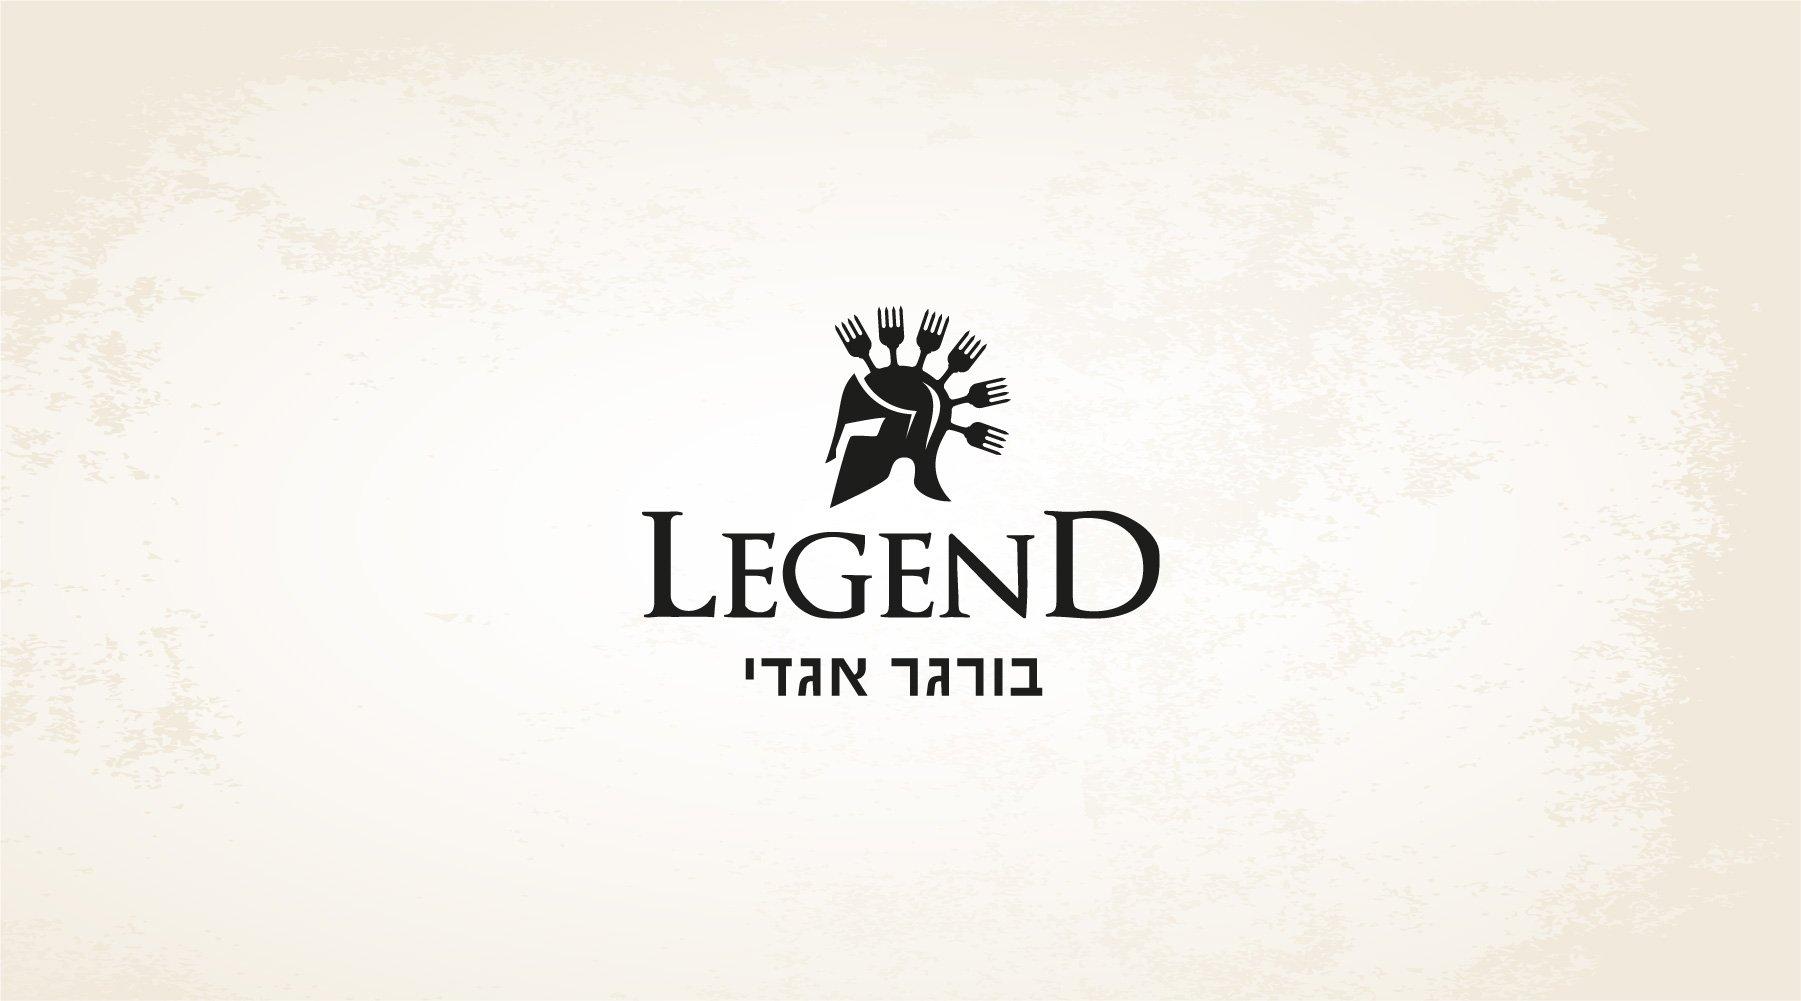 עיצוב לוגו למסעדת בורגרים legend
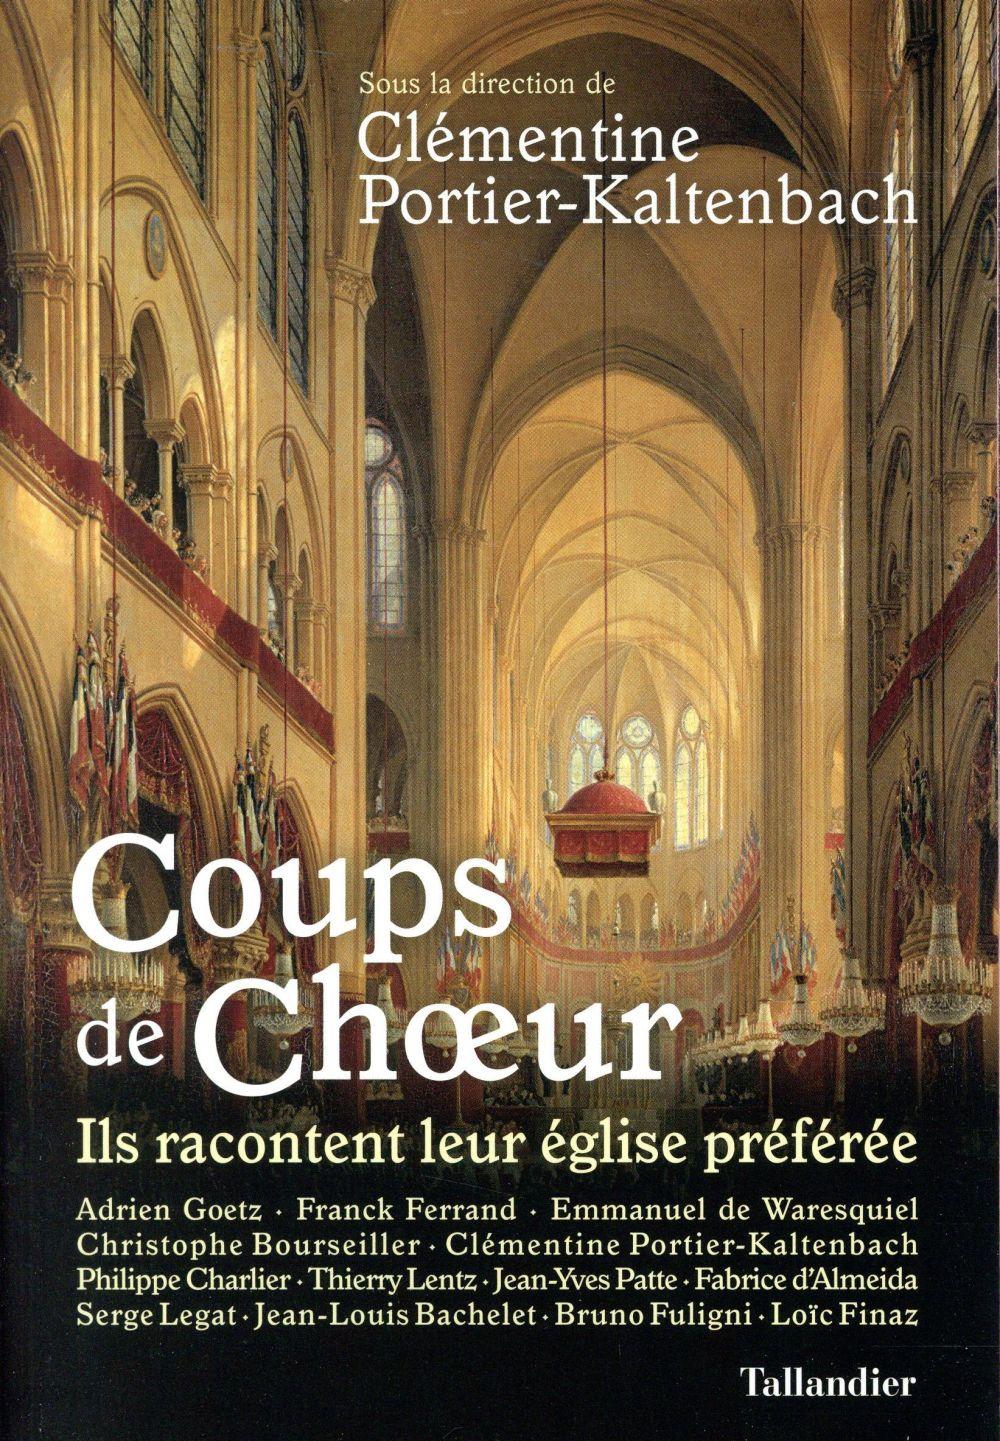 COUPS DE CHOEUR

____

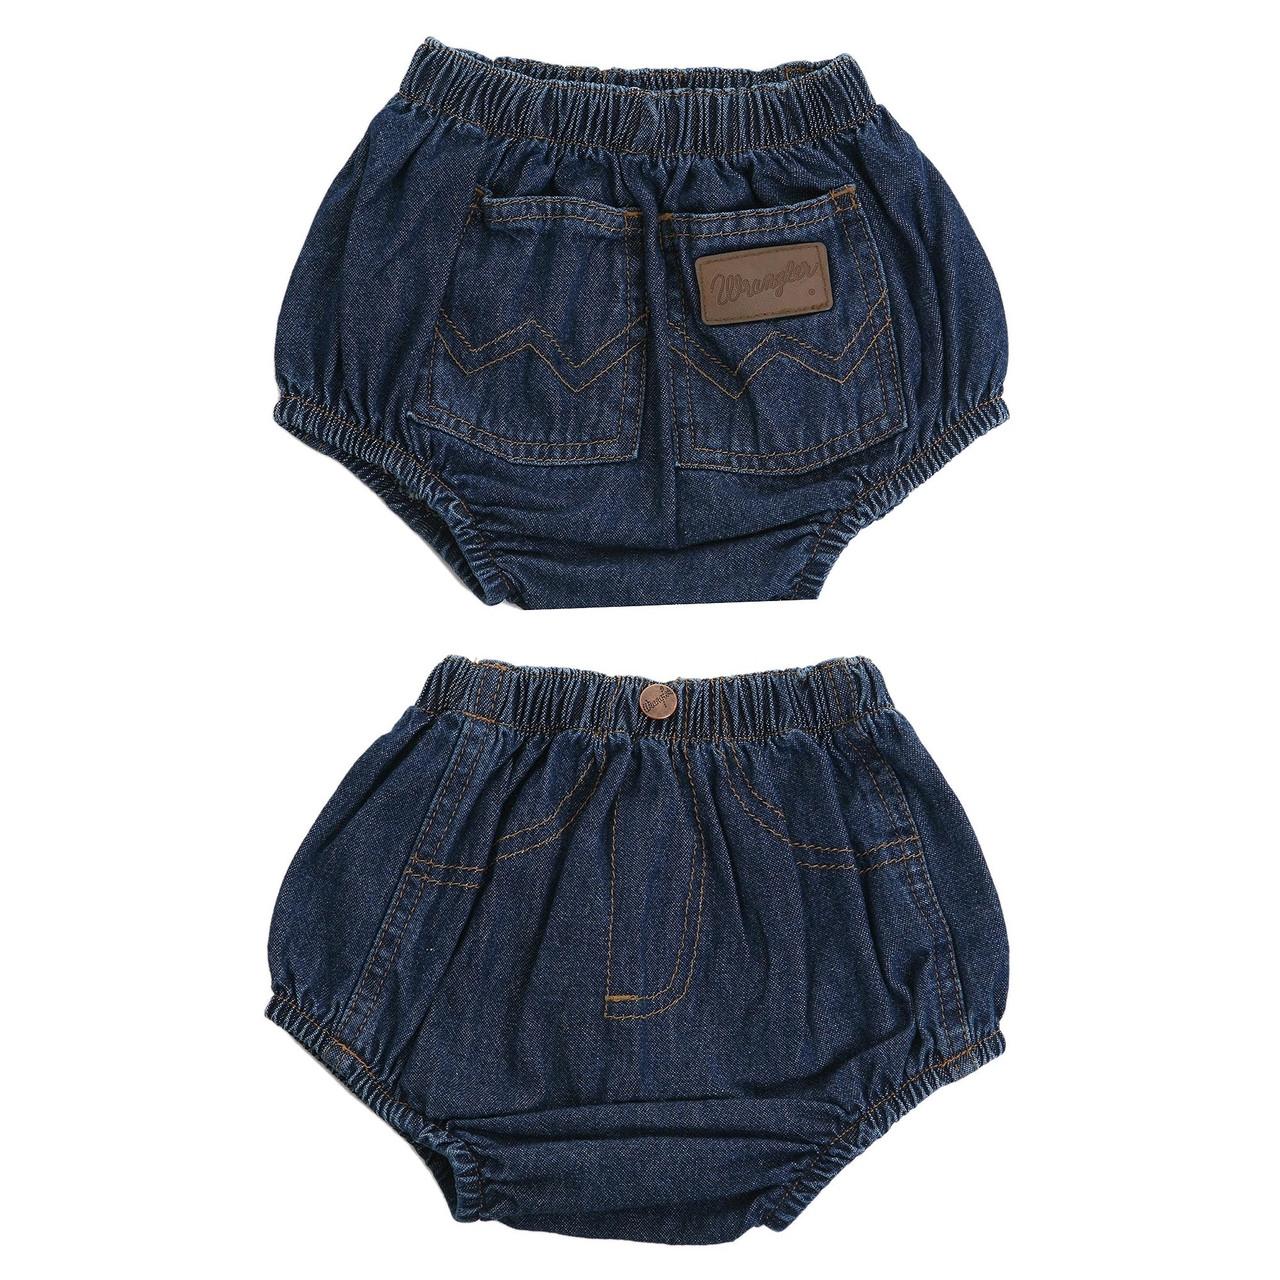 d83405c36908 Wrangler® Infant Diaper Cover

____

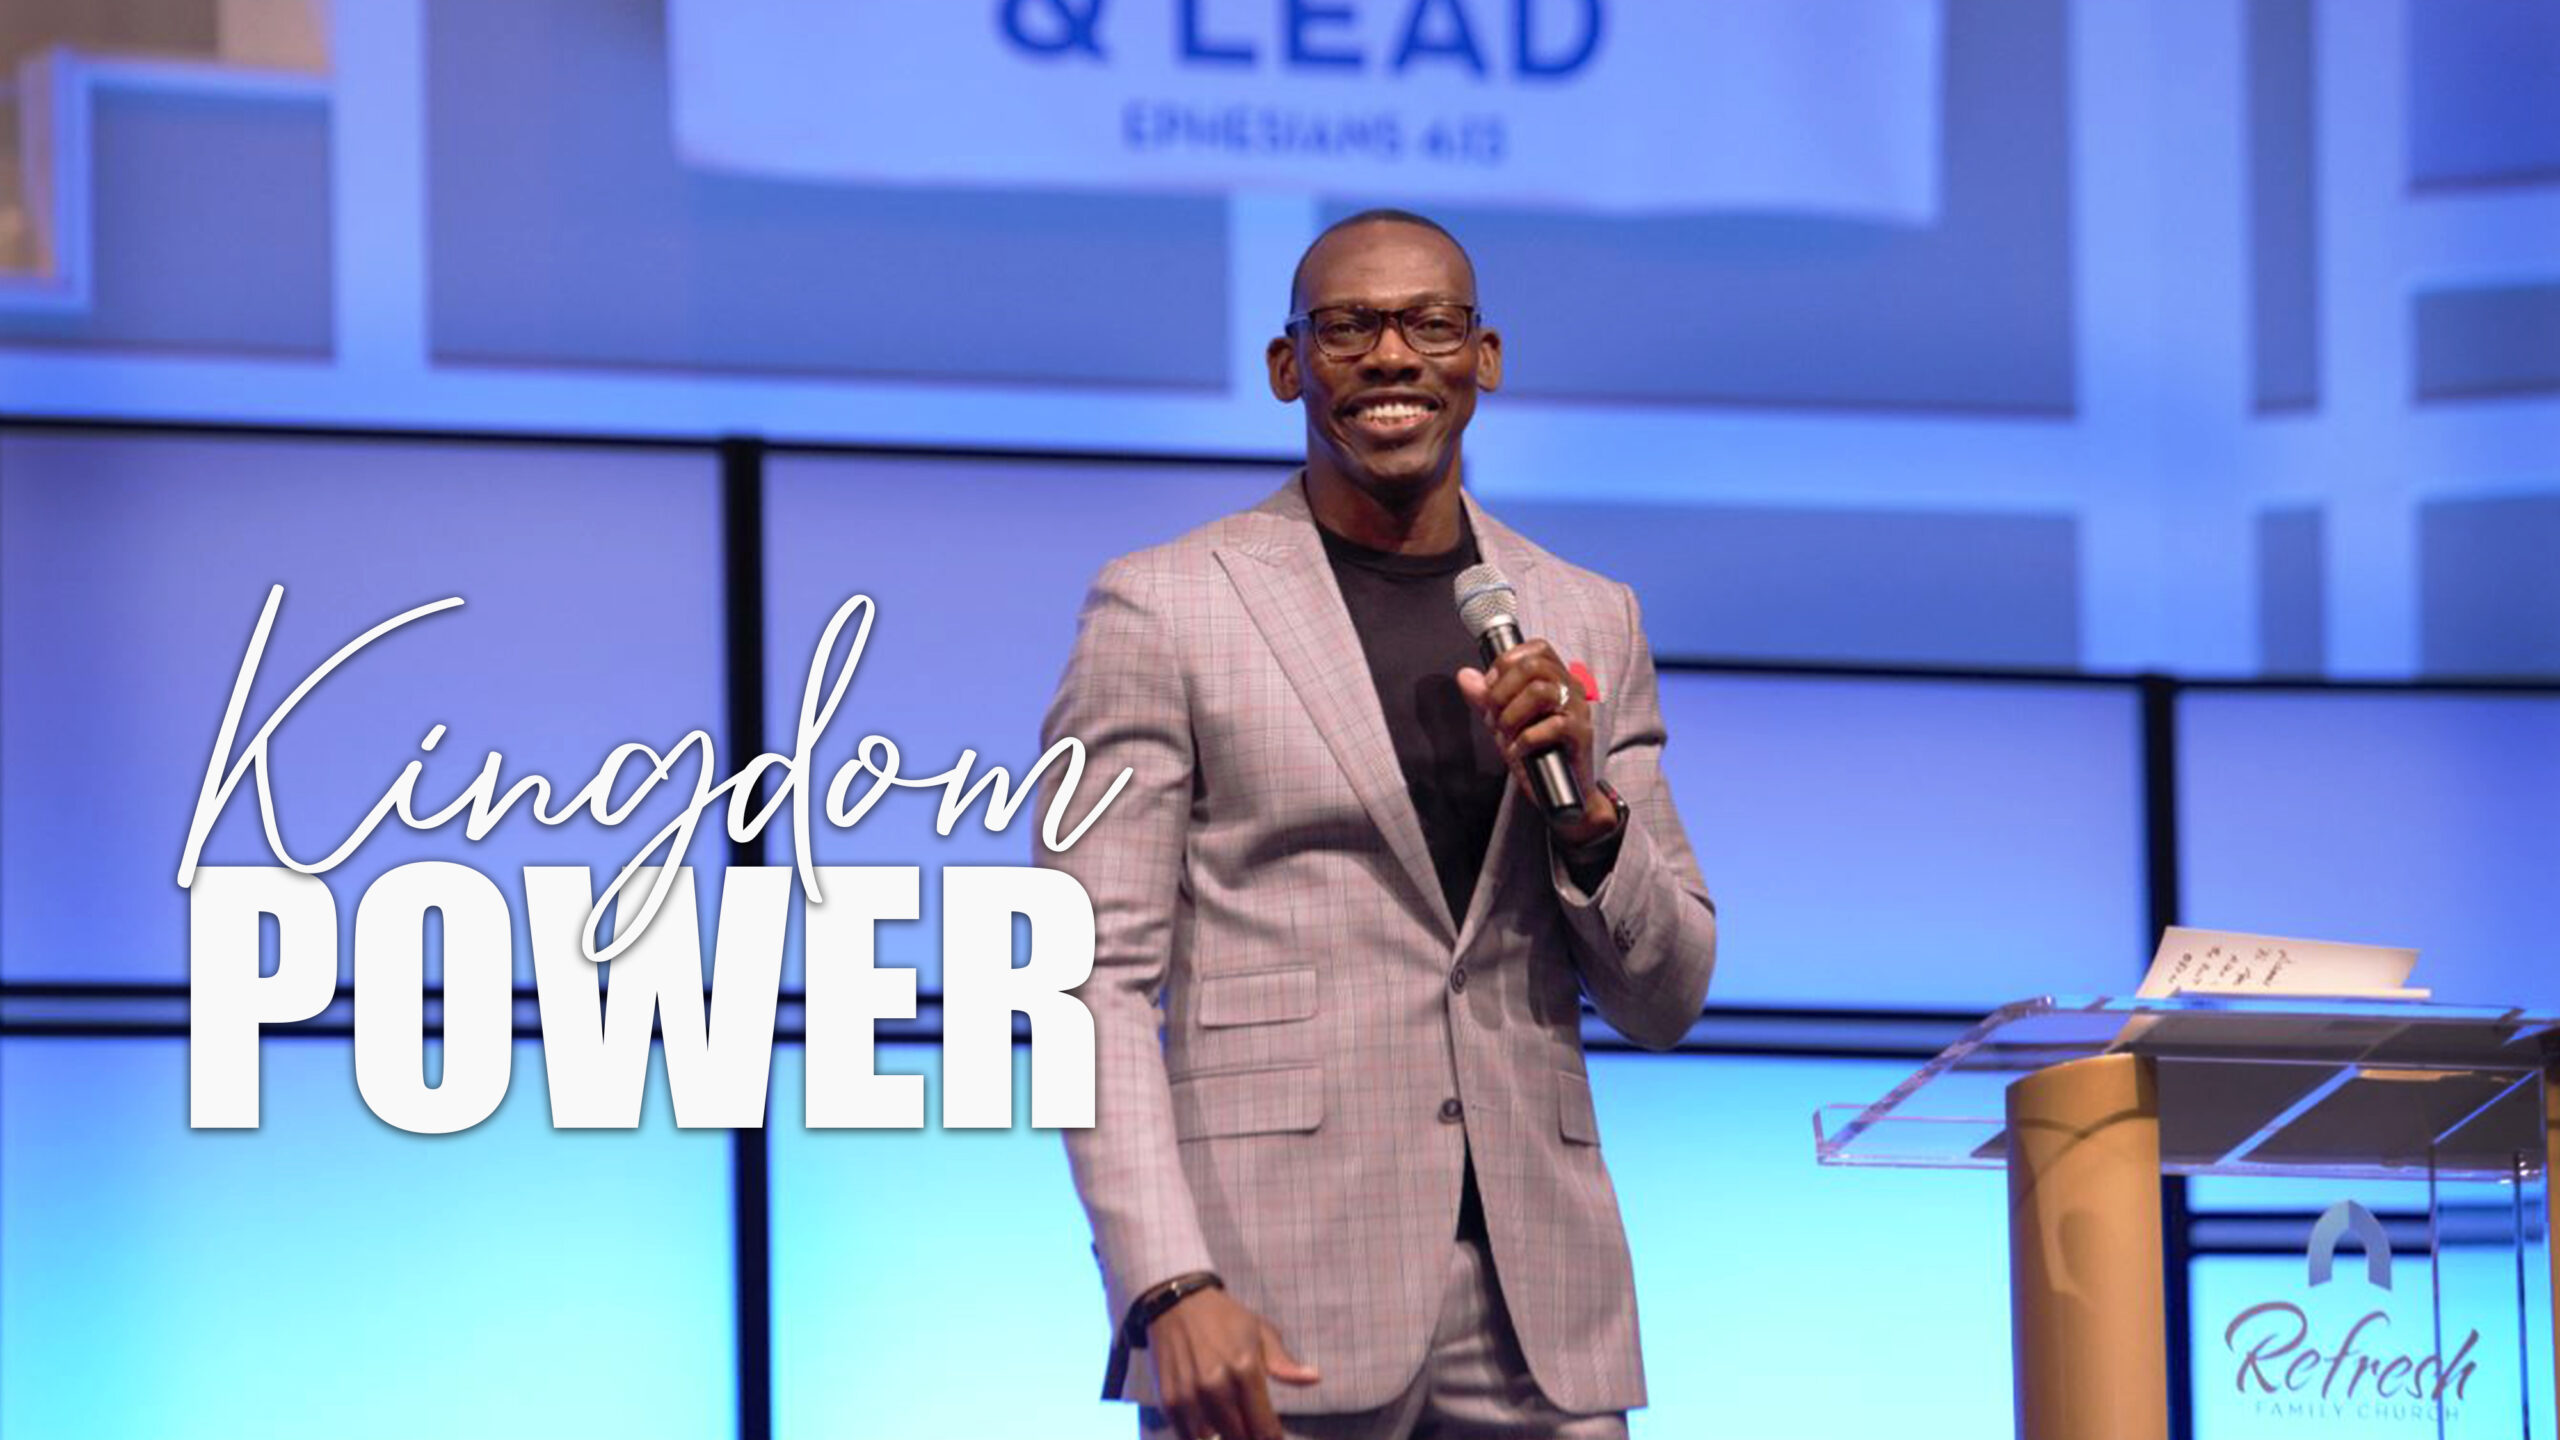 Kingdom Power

____

- [EXERCISE GOAL]: Return only the part above that opens with the line containing "עיצוב לוגו למסעדת בורגרים legend" and closes with the line containing "COUPS DE CHOEUR", exactly and with both ends, skipping the pictures.

- [SOLUTION TO THE EXERCISE]:
 עיצוב לוגו למסעדת בורגרים legend
 COUPS DE CHOEUR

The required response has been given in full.